- EXERCISE DESCRIPTION -
Leave every image behind and restate the data word for word.

- SUPPLIED MATERIAL -

-- Opening Marker --

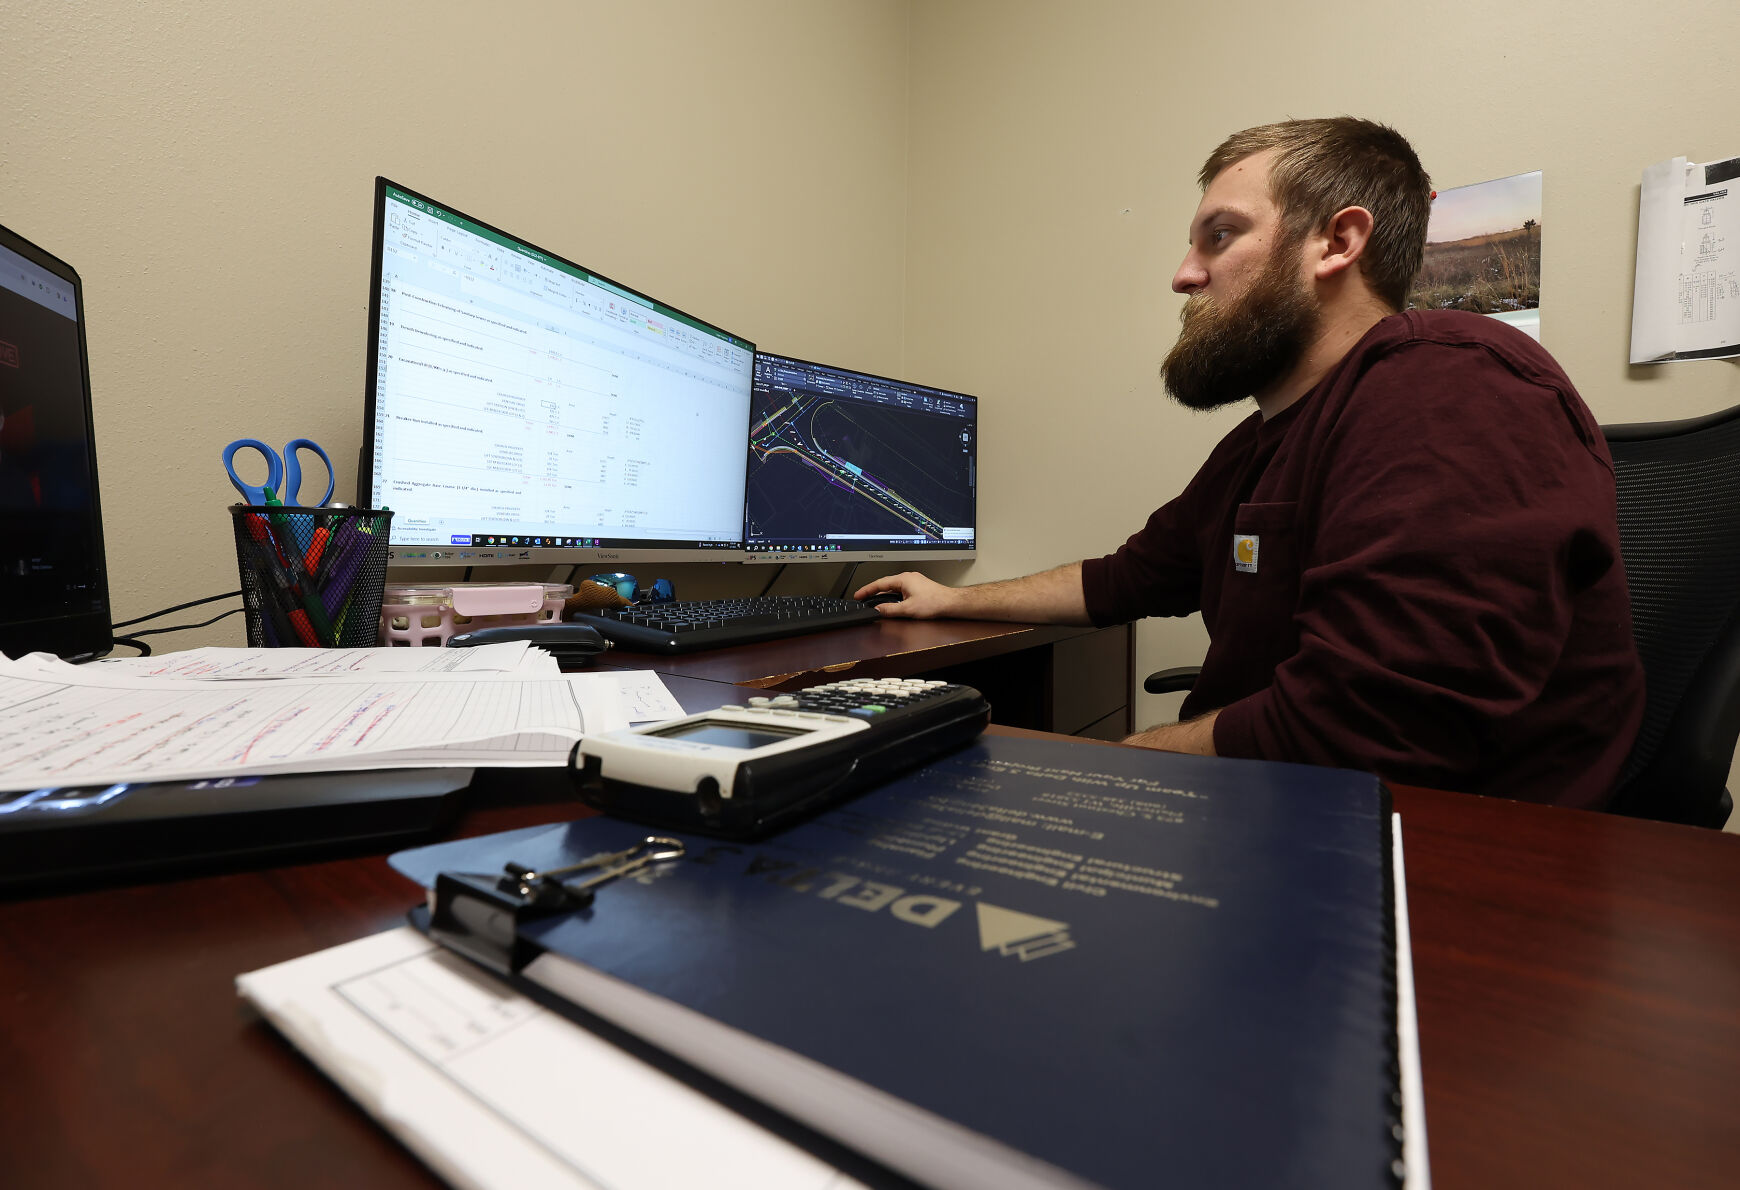 Delta 3 Engineering civil environmental engineer Logan Hoppman works on his computer at the Delta 3 office in Platteville, Wis. The company offers a variety of civil, environmental, wastewater and structural engineering services, as well surveying, grant writing and other services.    PHOTO CREDIT: Stephen Gassman
Telegraph Herald
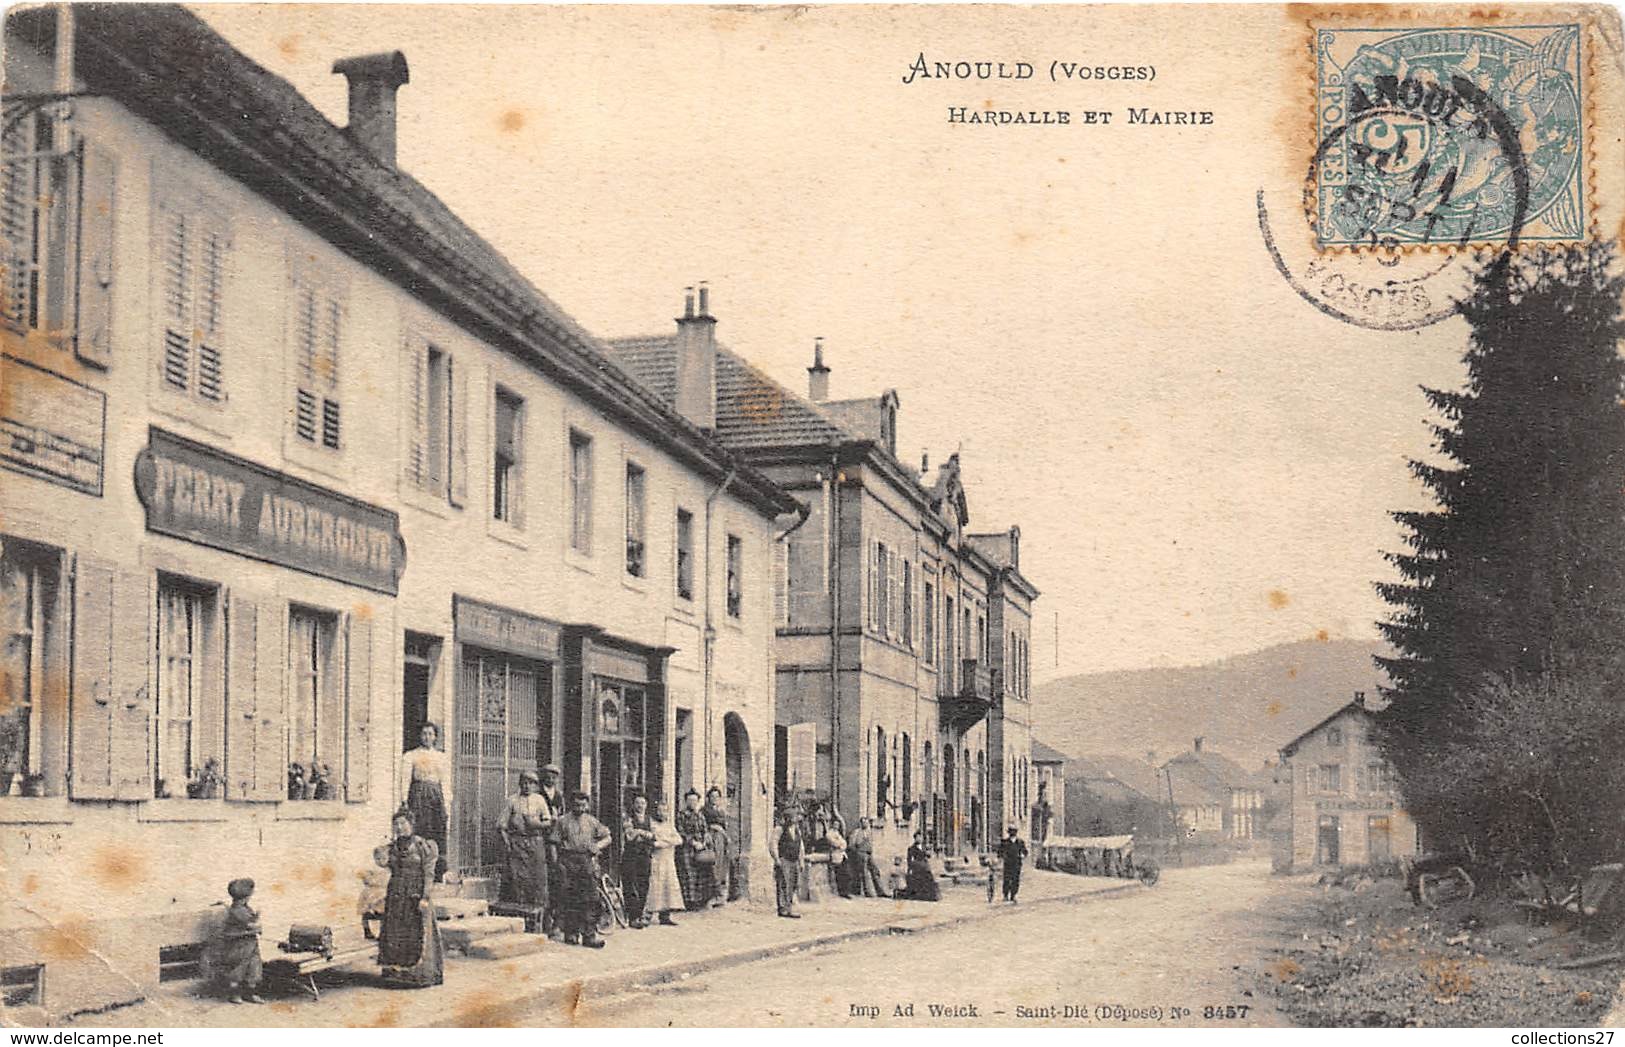 88-ANOULD- HARDALLE ET MAIRIE - Anould
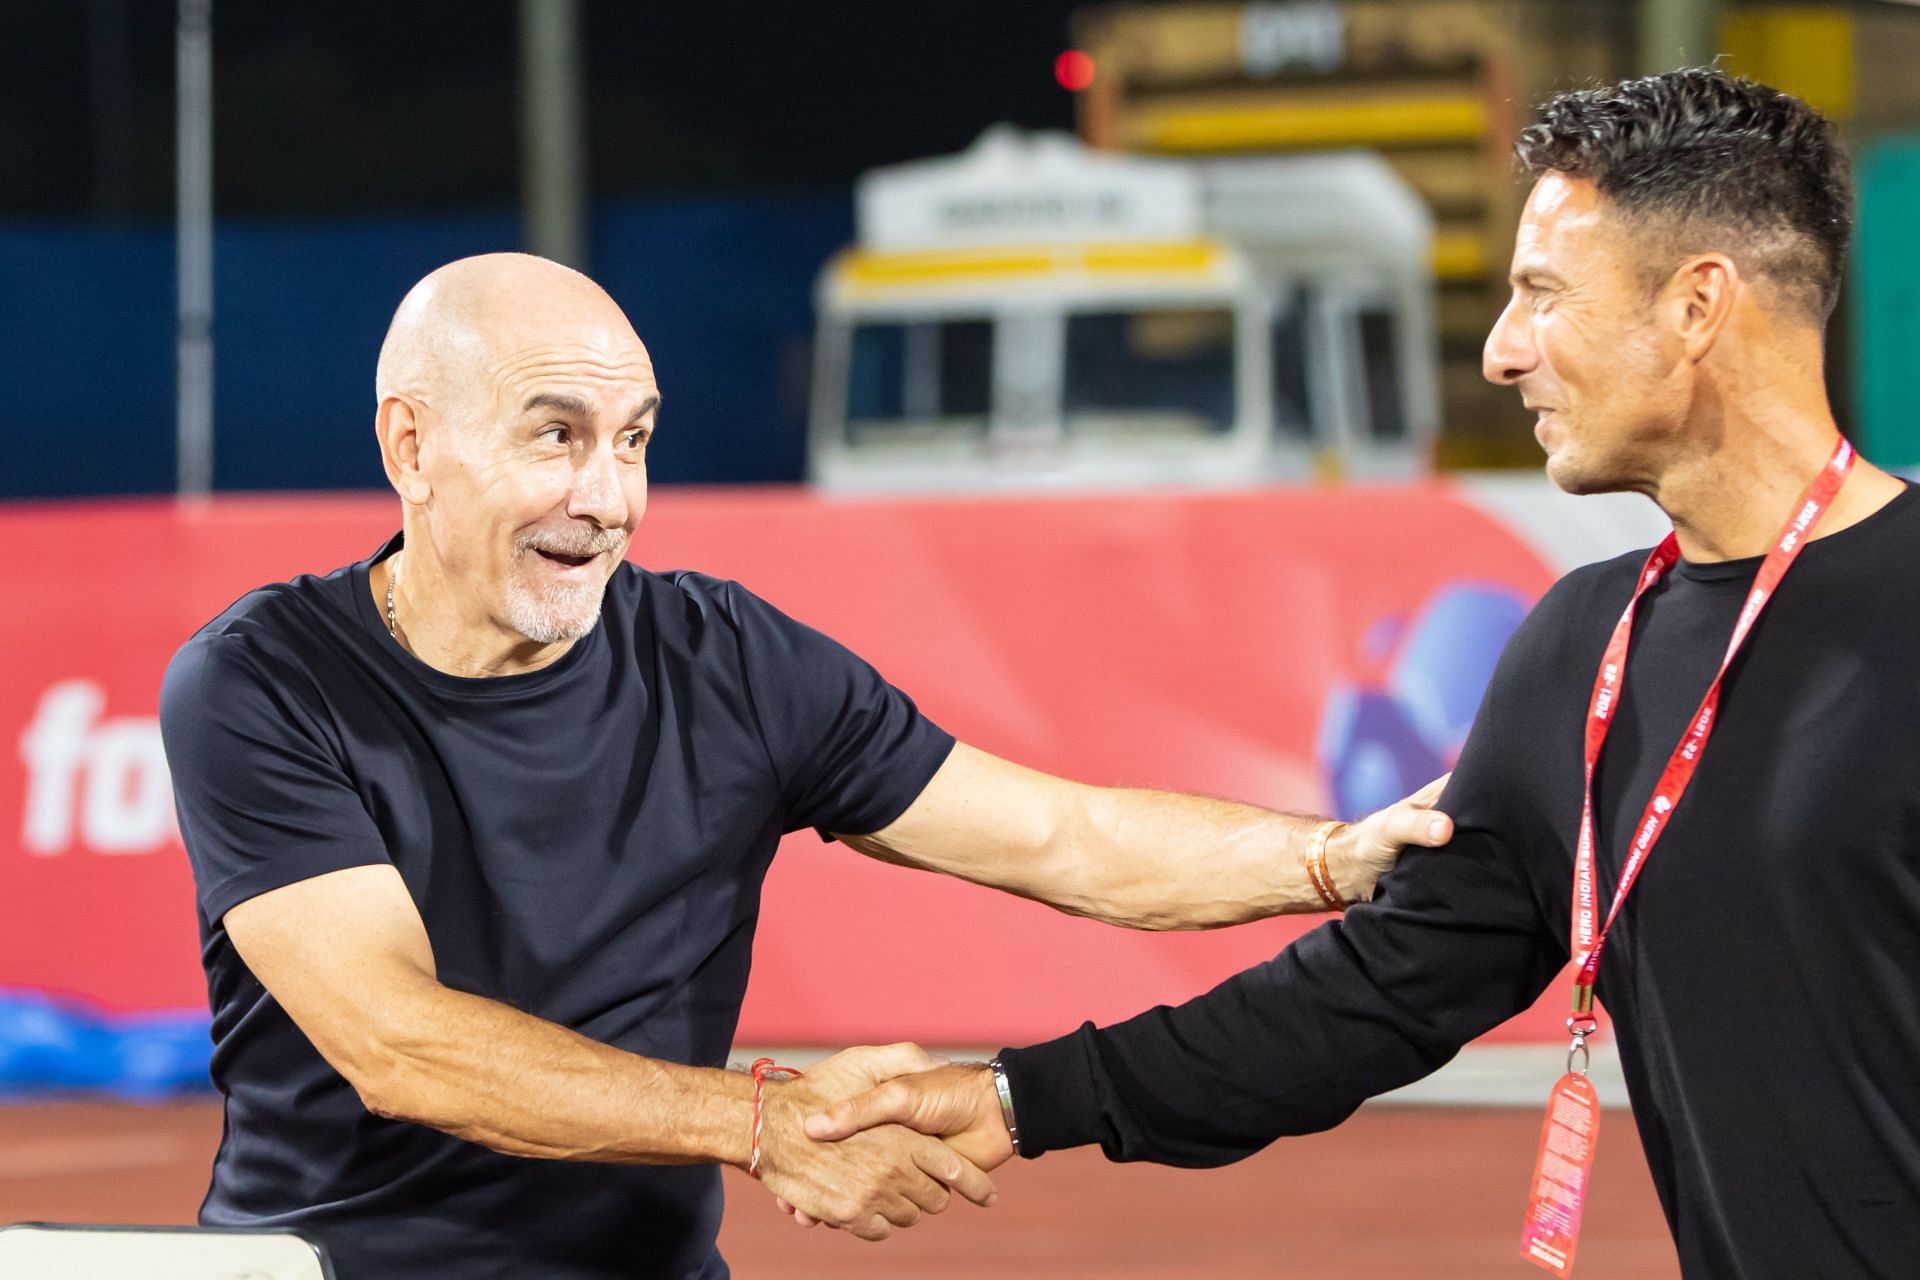 Antonio Lopez Habas and Marco Pezzaiuoli shaking hands after the game. (Image Courtesy: Twitter/IndSuperLeague)

-- Closing Marker --

- YOUR SOLUTION -
 Delta 3 Engineering civil environmental engineer Logan Hoppman works on his computer at the Delta 3 office in Platteville, Wis. The company offers a variety of civil, environmental, wastewater and structural engineering services, as well surveying, grant writing and other services.    PHOTO CREDIT: Stephen Gassman
Telegraph Herald
 88-ANOULD- HARDALLE ET MAIRIE - Anould
 Antonio Lopez Habas and Marco Pezzaiuoli shaking hands after the game. (Image Courtesy: Twitter/IndSuperLeague)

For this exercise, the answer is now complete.